II - Deste modo, os casos de pequena criminalidade foram expressamente afastados pelo legislador do controle a efectuar pelo nosso mais Alto Tribunal, quando a Relação se tenha pronunciado sobre a decisão da 1.ª instância, seja qual for o sentido (condenatório ou absolutório, confirmativo ou não confirmativo) da decisão da Relação. E isto mesmo em caso de concurso de infracções.
III - Ou seja, se a moldura abstracta de cada um dos crimes singulares não ultrapassar os cinco anos de prisão, acha-se inequivocamente preenchida a causa de inadmissibilidade do recurso prevista naquela al. e) do n.º 1 do art. 400.º do CPP, já que releva tão somente a correspondente pena, indiferente se apresentando o concurso de crimes, como expressamente resulta com a inserção na norma da expressão 'mesmo em caso de concurso de infracções'.
IV - Para se ser considerado autor, é preciso tomar parte directa na execução do facto, quer actuando solitariamente, quer em colaboração com outros.
V - Neste último caso, o comparticipante há-de contribuir com a sua acção, conjugada com a dos outros, para a realização típica do evento qualificado como crime.

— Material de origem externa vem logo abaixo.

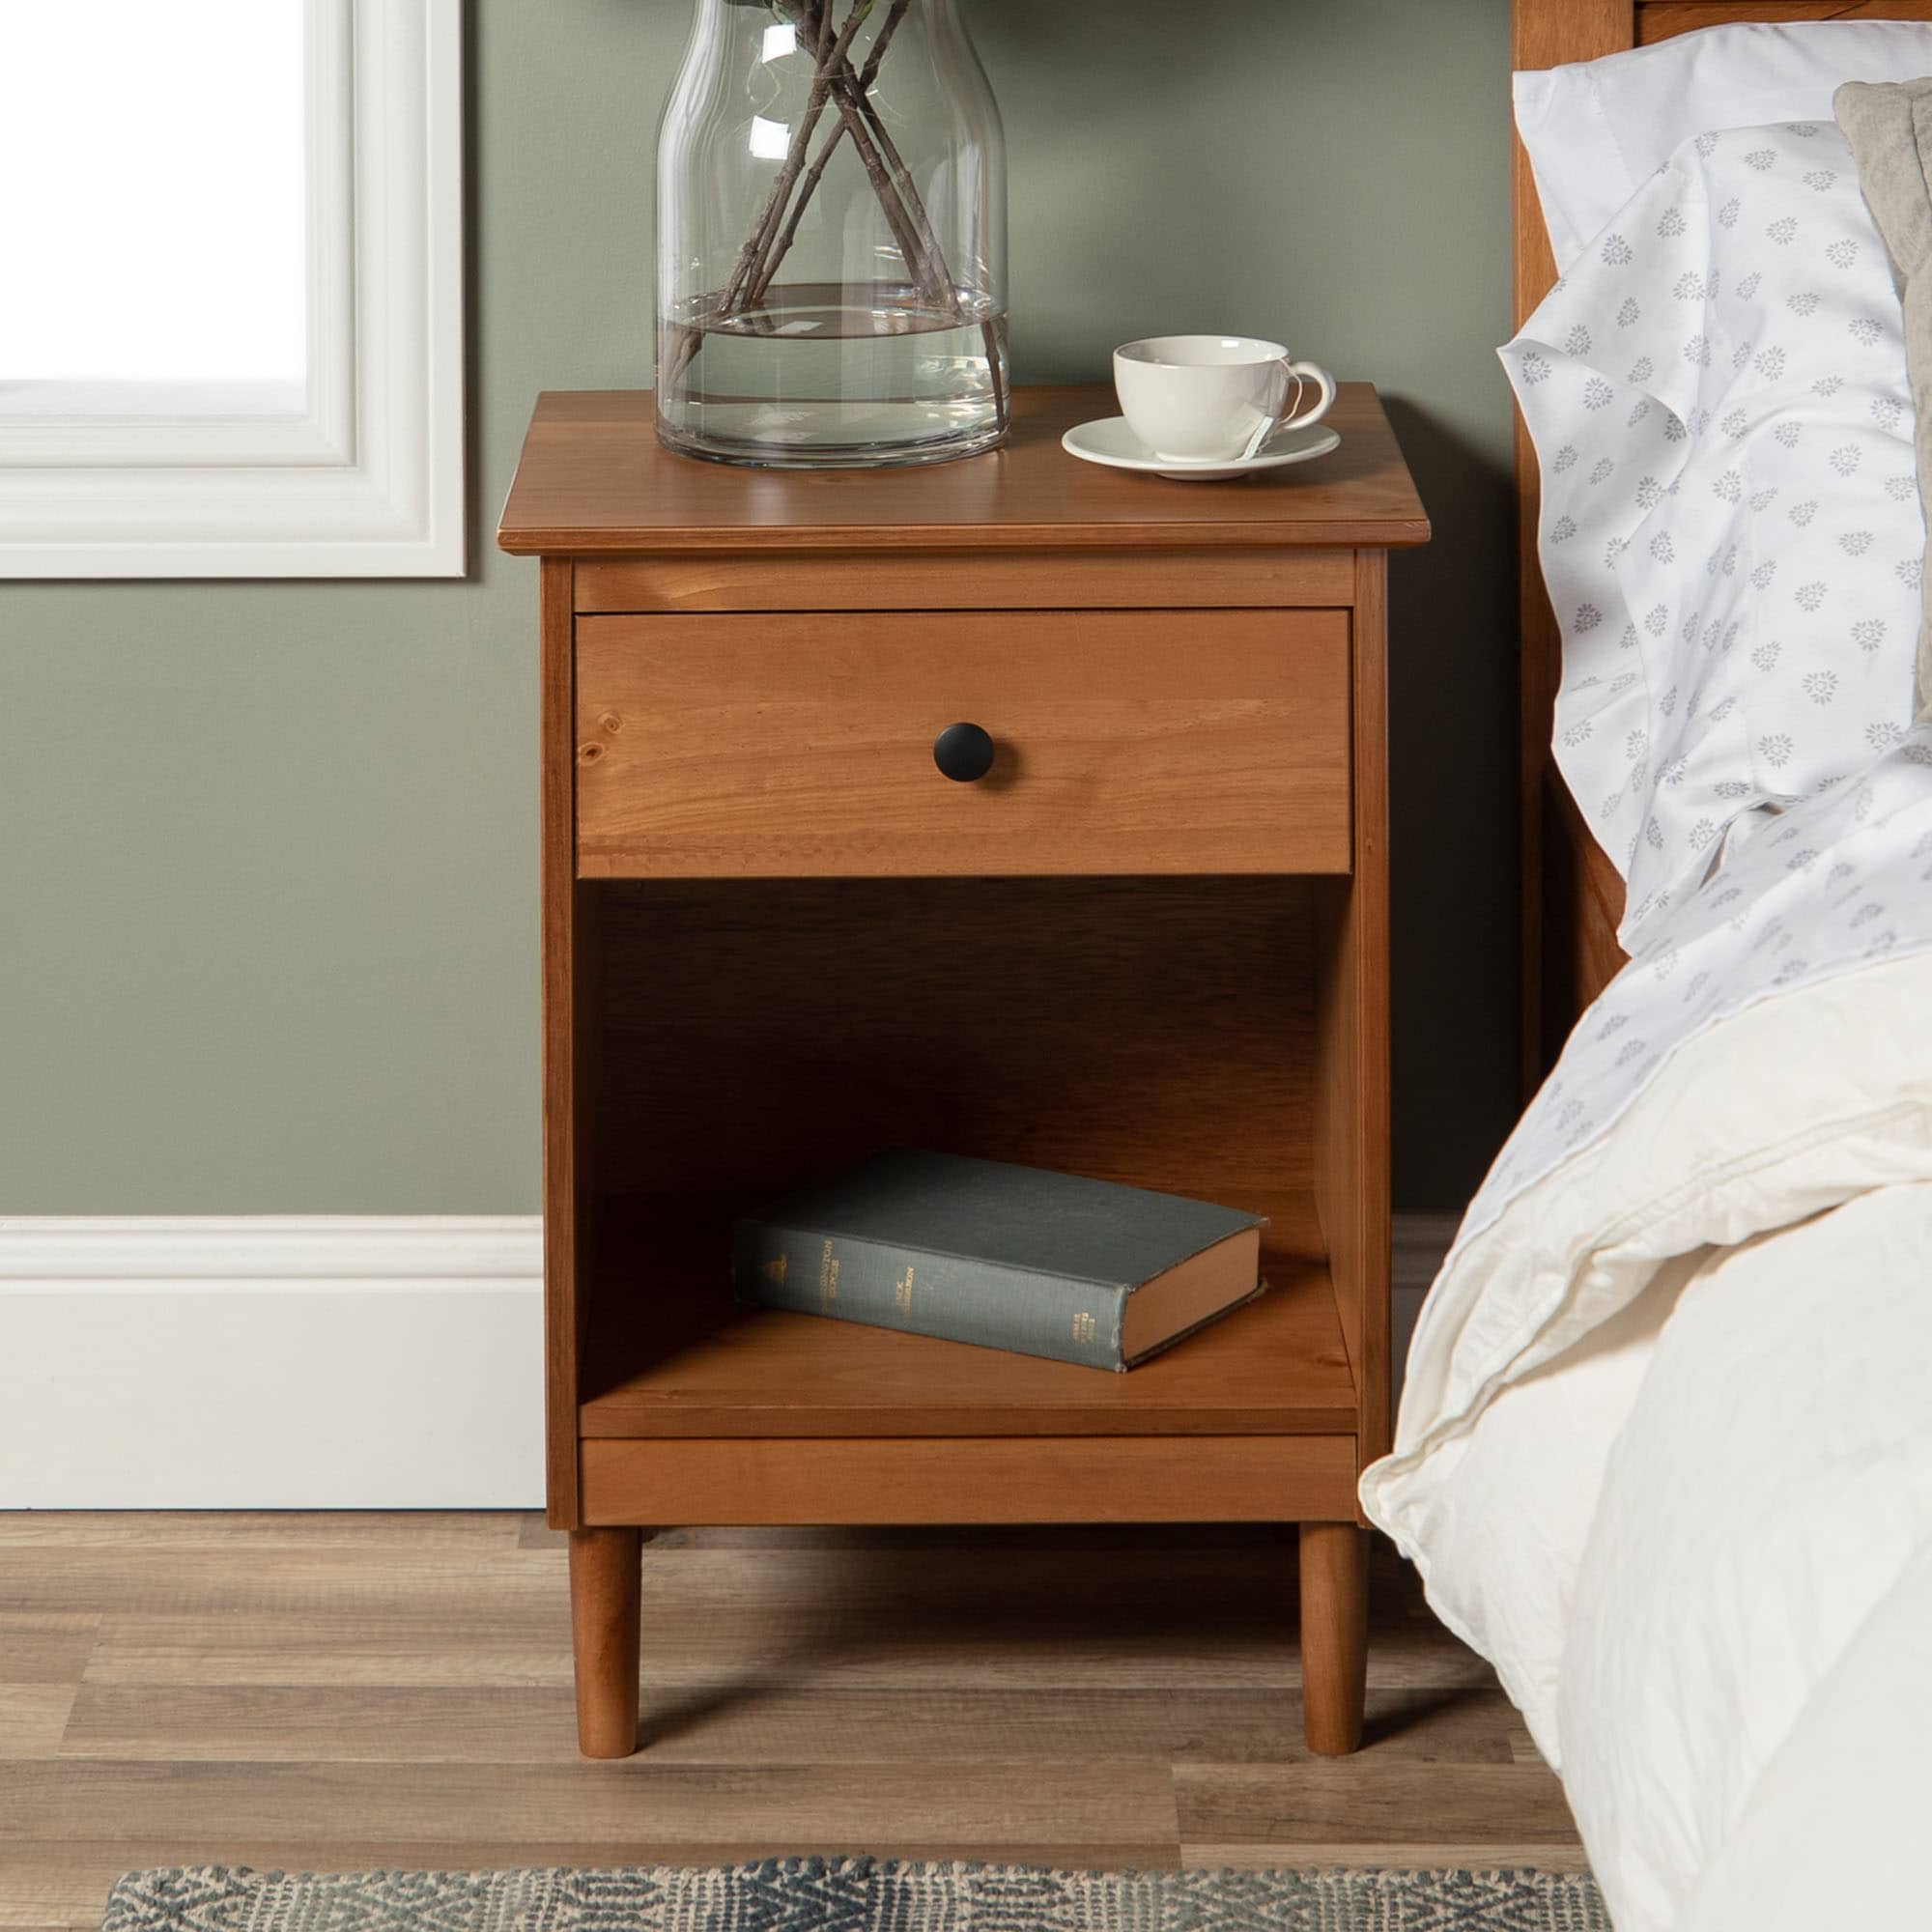 Prepac Transitional Espresso Nightstand with 2 Drawers - Sturdy  Construction, Antique Bronze Knobs, Dark Brown Finish in the Nightstands  department at

VI - Para que haja comparticipação em termos de co-autoria, basta, mas é necessário que haja, uma decisão conjunta e uma execução também conjunta. E, para definir uma decisão conjunta, impõe-se, pelo menos, 'a existência de consciência e vontade de colaboração de várias pessoas na realização de um tipo legal de crime ('juntamente com outro ou outros')'..., como salienta FARIA COSTA - Formas do Crime, Jornadas de Direito Criminal, CEJ - 1983, p. 170.
VII - Não será necessário um acordo prévio, sem embargo de, na opinião do referido Autor, 'na sua forma mais nítida', uma decisão conjunta implicar um acordo prévio, que pode ser tácito'.
VIII - Neste sentido veja-se GERMANO MARQUES da SILVA, (Direito Penal Português,I, págs. 282-283): 'Esta cooperação na execução do crime pode resultar de acordo ou não, mas neste caso importa ainda que os comparticipantes tenham consciência de cooperarem na acção comum'.
IX - Quanto à colaboração do comparticipante, impõe-se, desde logo por força da definição legal de autoria, uma actuação causante do facto, em sintonia com a acção típica descrita na norma incriminadora e em interligação com os outros comparticipantes.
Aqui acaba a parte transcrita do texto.